# Blacksad anyone?



## TransformerRobot (Apr 18, 2014)

Recently I got into a nice little graphic novel about one John Blacksad. 







I am now madly in love with the series and anxiously await the release of another Blacksad book.

The stories were so good at sucking in the reader that I had trouble putting the book down to go to sleep. It takes the usually perceived cute and cuddliness of anthro animal comics and blows off it's head. Ironically, series artist Juanjo Guarnido, is a former Disney animator (he was Sabor's lead animator in Tarzan), so it's probably the closest thing we'll get to a Disney animated movie with an R-rating (there is occasional sex, lots of cussing and a good amount of blood).

So, anyone else here into Blacksad? If not, highly recommend you check out at least the first book.

If you have copies of the series at home, DO NOT LET YOUR KIDS READ IT. XD


----------



## Taralack (Apr 19, 2014)

I've been wanting to pick this up for a long time (before it was available in English, it only had a printed version in French). It's always sold out on Amazon and Book Depository.


----------



## Batty Krueger (Apr 19, 2014)

Maaaaaaaaayyyyyyybbbeeeeeeeeee


----------



## DeCatt (Apr 19, 2014)

This book looks sexy. I want it.


----------



## Taralack (Apr 19, 2014)

Dammit batty, now you reminded me that I also need to get Across Thin Ice. :T


----------



## TransformerRobot (Apr 19, 2014)

Ever since I've gotten through the first book, and because I'm an animation student, I've been wanting to turn Blacksad into an animated movie.
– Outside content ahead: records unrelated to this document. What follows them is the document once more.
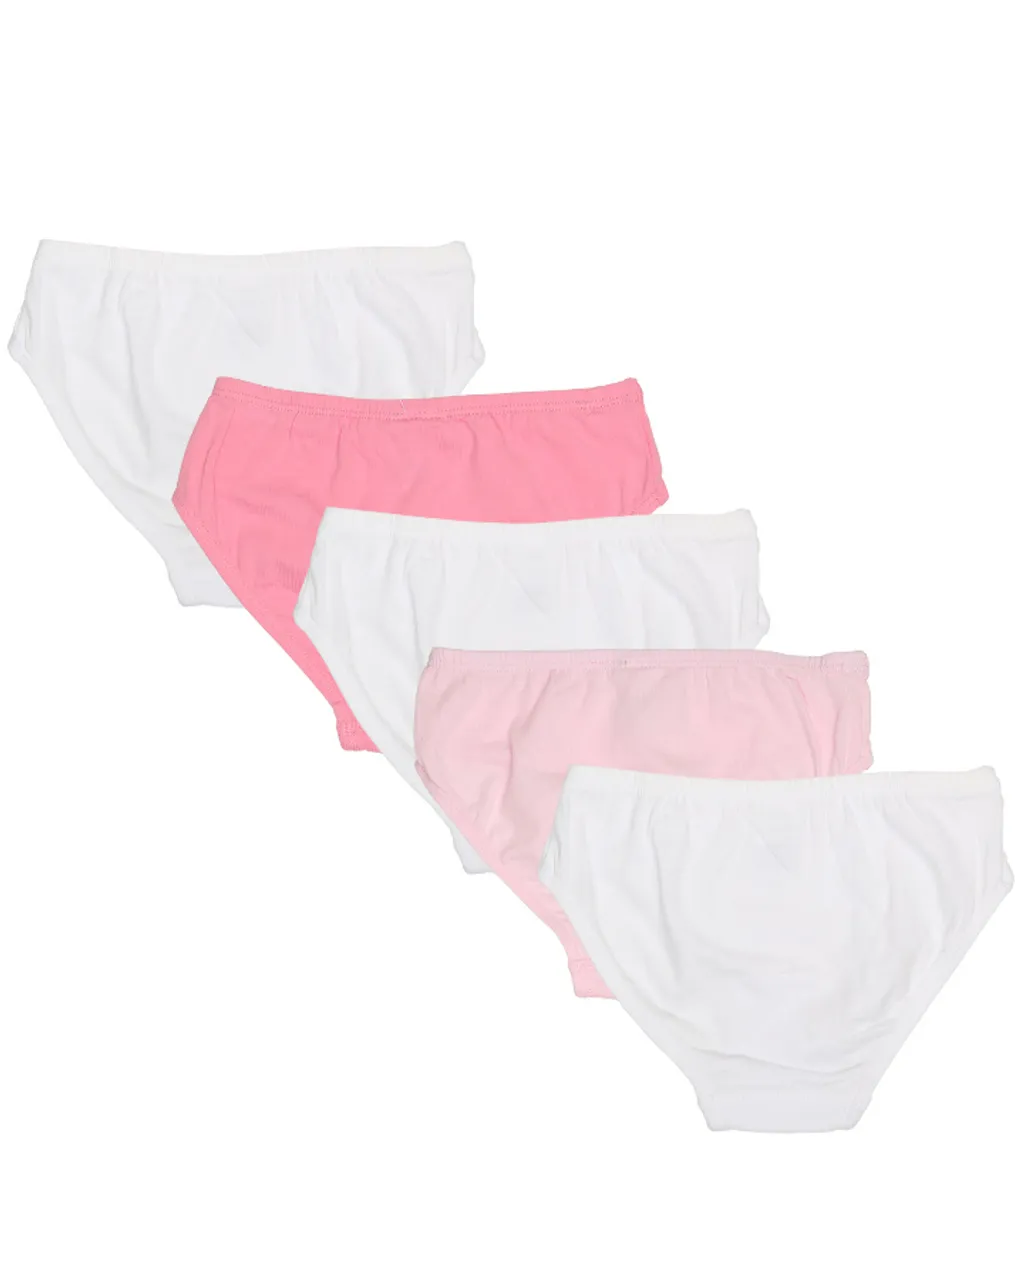 Slip ORIGINAL CLASSICS 5er Pack in rosa/weiß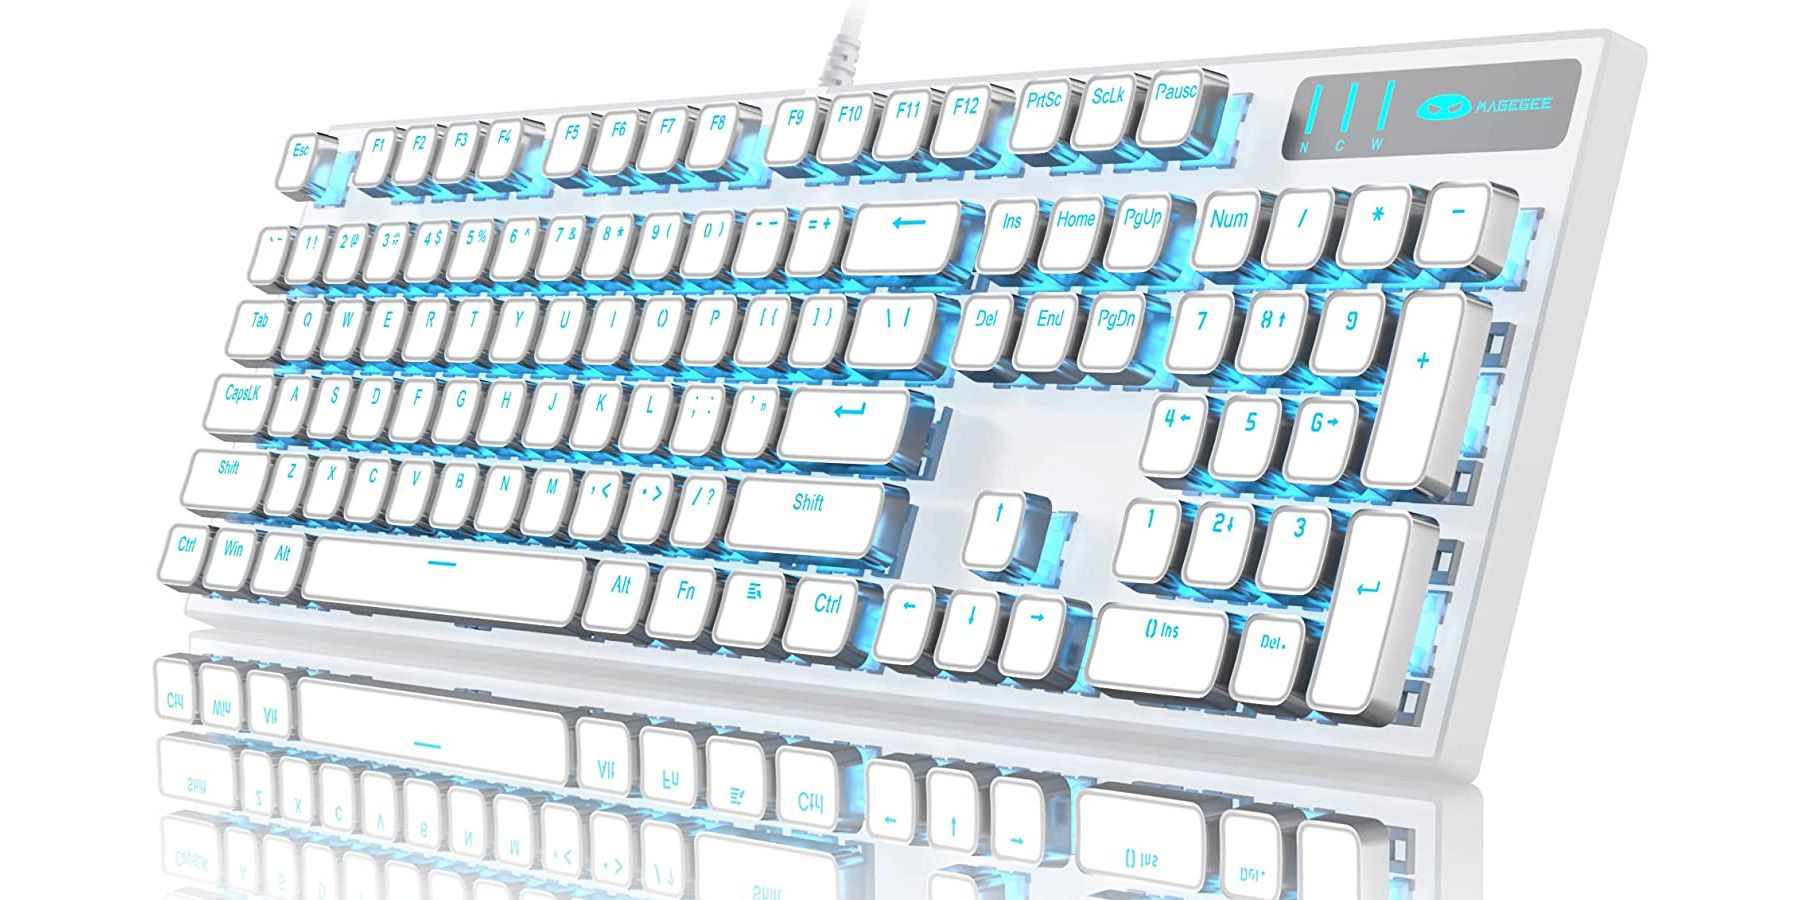 Typewriter Style Mechanical Gaming Keyboard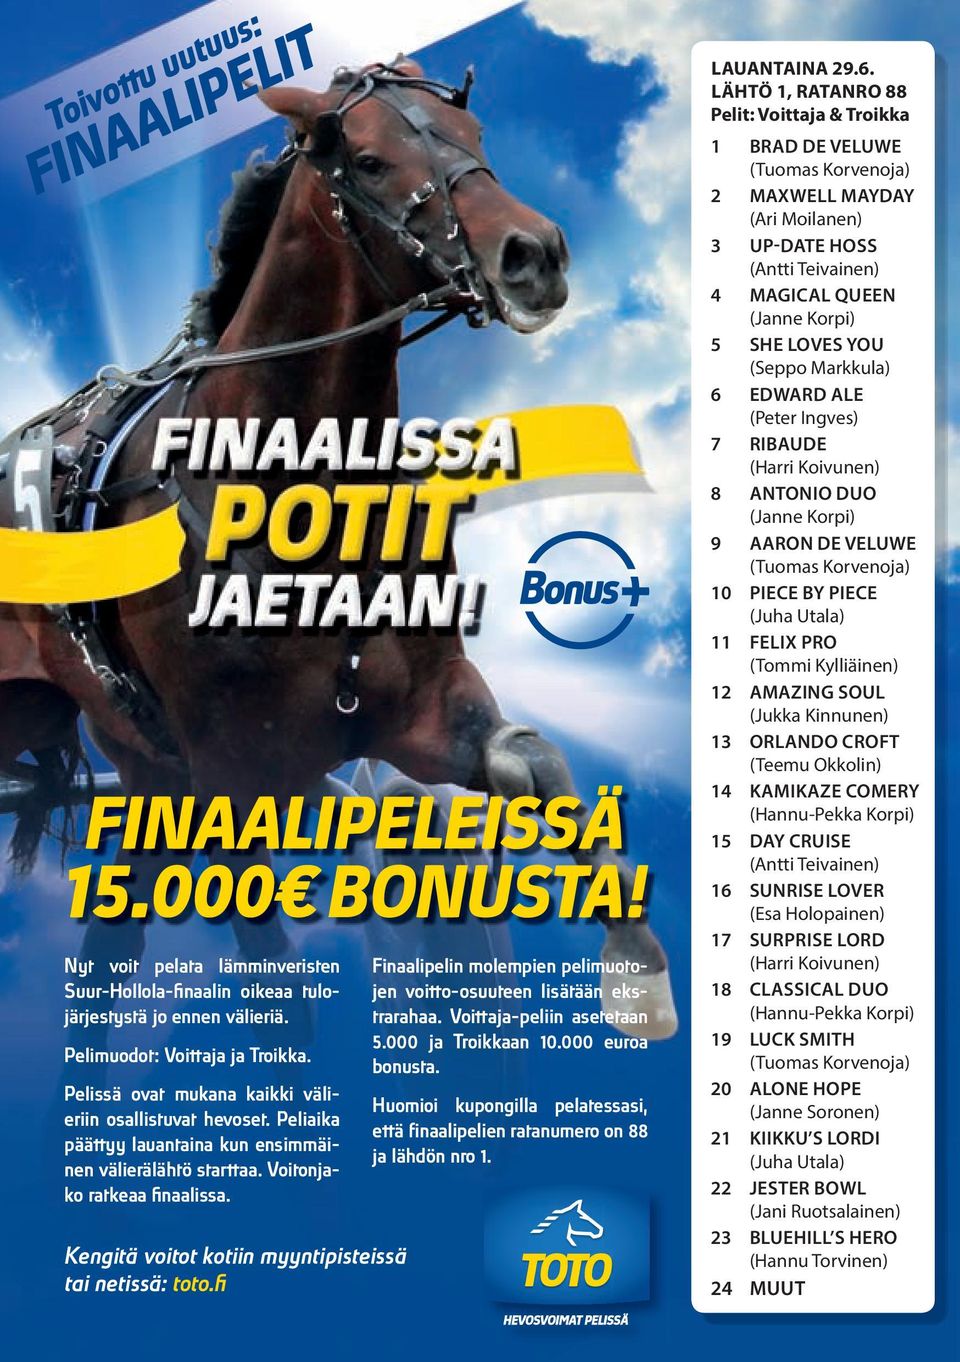 Kengitä voitot kotiin myyntipisteissä tai netissä: toto.fi Finaalipelin molempien pelimuotojen voitto-osuuteen lisätään ekstrarahaa. Voittaja-peliin asetetaan 5.000 ja Troikkaan 0.000 euroa bonusta.

The problem is, how? The first book is around 180 pages, but that's the total of the first 3 albums combined into one book. Would I have to maybe make it a sort of anthology film like Fantasia?

I think maybe it would work out like that. All I'd have to do is just have the ending of each book subtly fade into the beginning of the next one.

EX: After the case is closed in the end of Somewhere Within the Shadows, Blacksad goes home to see a news story about the race-related lynchings at the start of Arctic Nation.


----------



## Batty Krueger (Apr 19, 2014)

Taralack said:


> Dammit batty, now you reminded me that I also need to get Across Thin Ice. :T


Yes, yes you do. I cannot wait till book 2, ive read book 1 around 9 or 10 times already.


----------



## RedLeFrench (Apr 20, 2014)

Read all 5 books and unfortunately I find it to kinda decline in quality. Arctic Nation and Âme Rouge (roughly translated by Red Soul) are the best ones, but L'Enfer, le Silence (Hell, the silence) really  didn't gel with most fans, and that is probably because the plot isn't as clear as the other ones (and no Weekly, boo). Still, pretty colours and art. The last one that came out a few months ago is cool, but the plot is all over the place, with no real climax or anything going on until the second half (then again, it also has my favorite non-central character in it, so it's cool). Overall, I quite like the series, so much so I bought the two "making of" books that came out here !


----------



## Gryphoneer (Apr 20, 2014)

RedLeFrench said:


> Read all 5 books and unfortunately I find it to kinda decline in quality. Arctic Nation and ï¿½me Rouge (roughly translated by Red Soul) are the best ones, but L'Enfer, le Silence (Hell, the silence) really  didn't gel with most fans, and that is probably because the plot isn't as clear as the other ones (and no Weekly, boo). Still, pretty colours and art. The last one that came out a few months ago is cool, but the plot is all over the place, with no real climax or anything going on until the second half (then again, it also has my favorite non-central character in it, so it's cool). Overall, I quite like the series, so much so I bought the two "making of" books that came out here !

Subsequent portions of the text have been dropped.